Sinha also noted a marginal rise in core inflation and the projected inflation figure to be higher at 3.7 per cent in August.

Purchasing Managers' Index (PMI) data, which was released earlier this week, pointed to easing price pressures for services, but higher output prices for manufacturing.

Cost pressures in manufacturing output led to one of the strongest rises in close to 11 years, as per the PMI release on September 2.

Positive news on industrial output
On the industrial front, there was positive news as the MC Poll expects industrial production to inch up to 4.8 per cent in July, as compared to 4.2 per cent in the previous month.

Manufacturing indicated a strong growth in the first quarter of the fiscal, with the gross domestic product (GDP) data indicating a 7 per cent rise. The corresponding figure during a similar period in the previous year was at 5 per cent.

Core sector, which has a 40 per cent weight in the index of industrial production, rebounded to 6.1 per cent in July, as compared to 5.1 per cent growth in June.

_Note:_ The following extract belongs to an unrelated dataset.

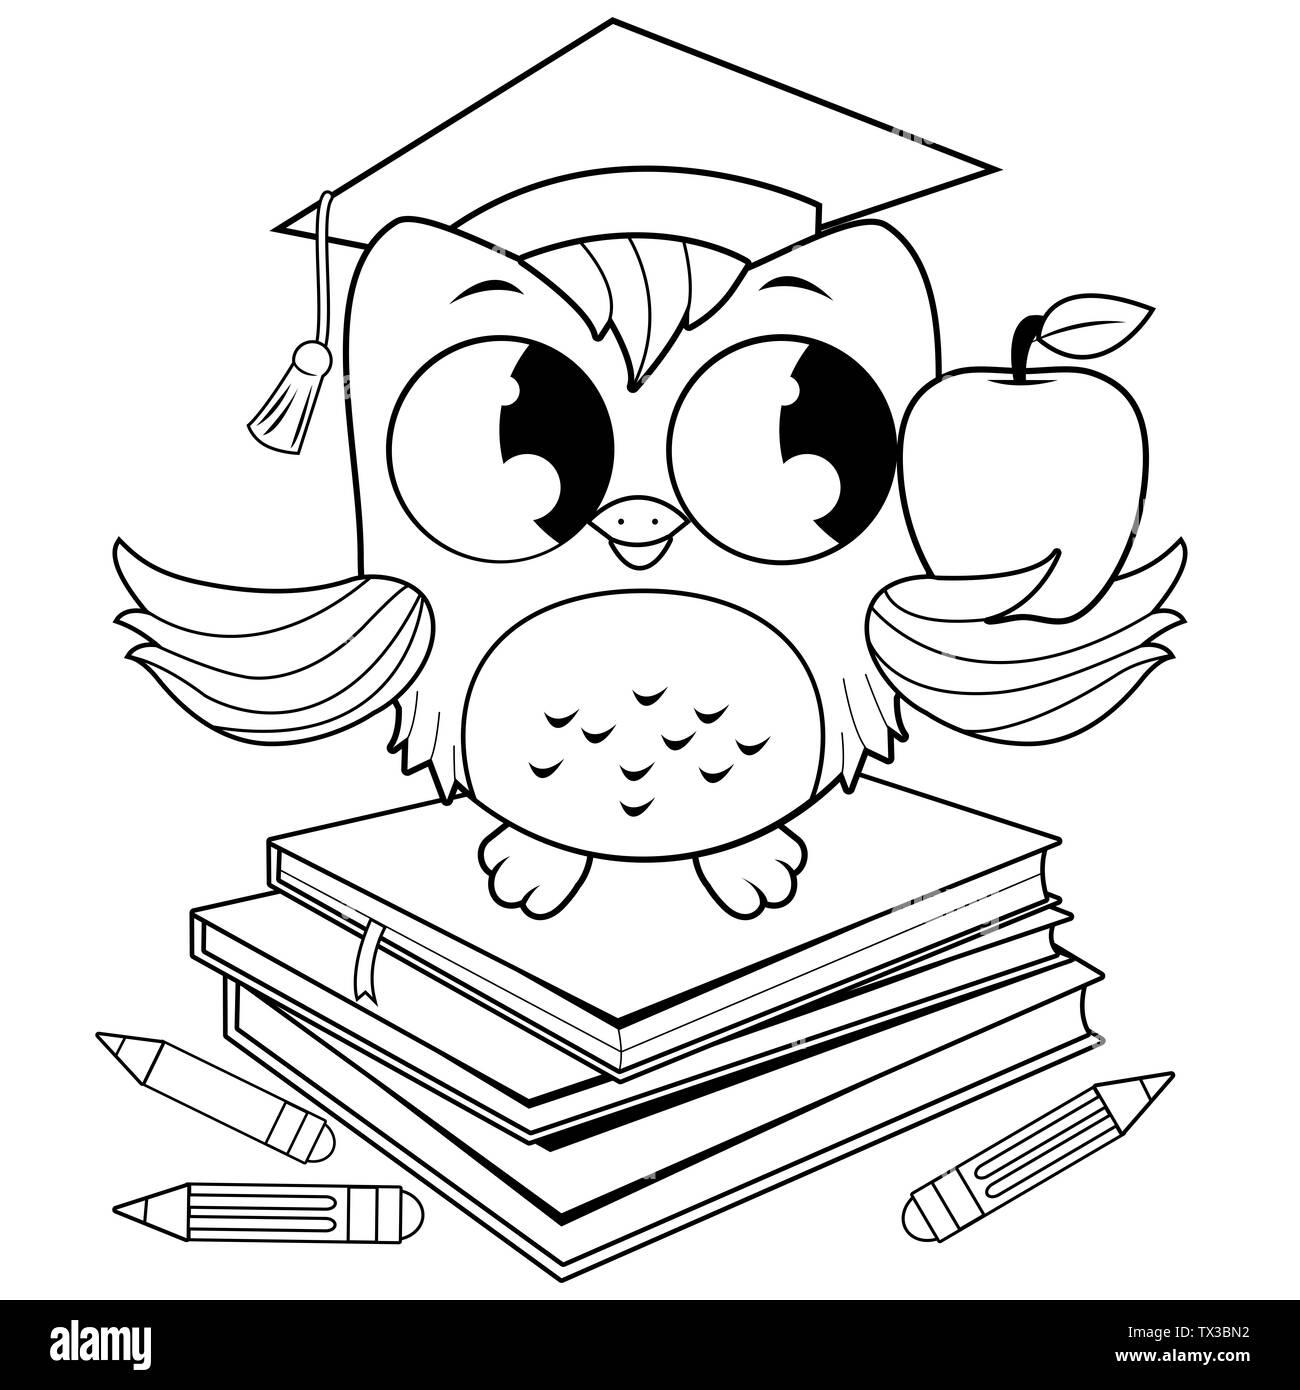 Búho De Dibujos Animados Blanco Y Negro Imágenes De Stock Búho De

“Ind-Ra (India Ratings and Research) believes moderate growth in the core sector may keep growth in IIP (index of industrial production) around 5 per cent in July,” said Paras Jasrai, senior analyst, Ind-Ra.

The Reserve Bank of India (RBI) is likely to be on a wait-and-watch mode.  The central bank has estimated inflation to hover around 4.4 per cent for the second quarter amid a healthy trend for industrial production.

The RBI’s monetary policy committee’s (MPC) bi-monthly meeting will be held in October. Experts believe that the MPC is likely to go for an interest rate cut of 25 basis points (bps) in its next meeting in December.

Last month, the RBI kept the policy rate at 6.5 per cent for the ninth consecutive time.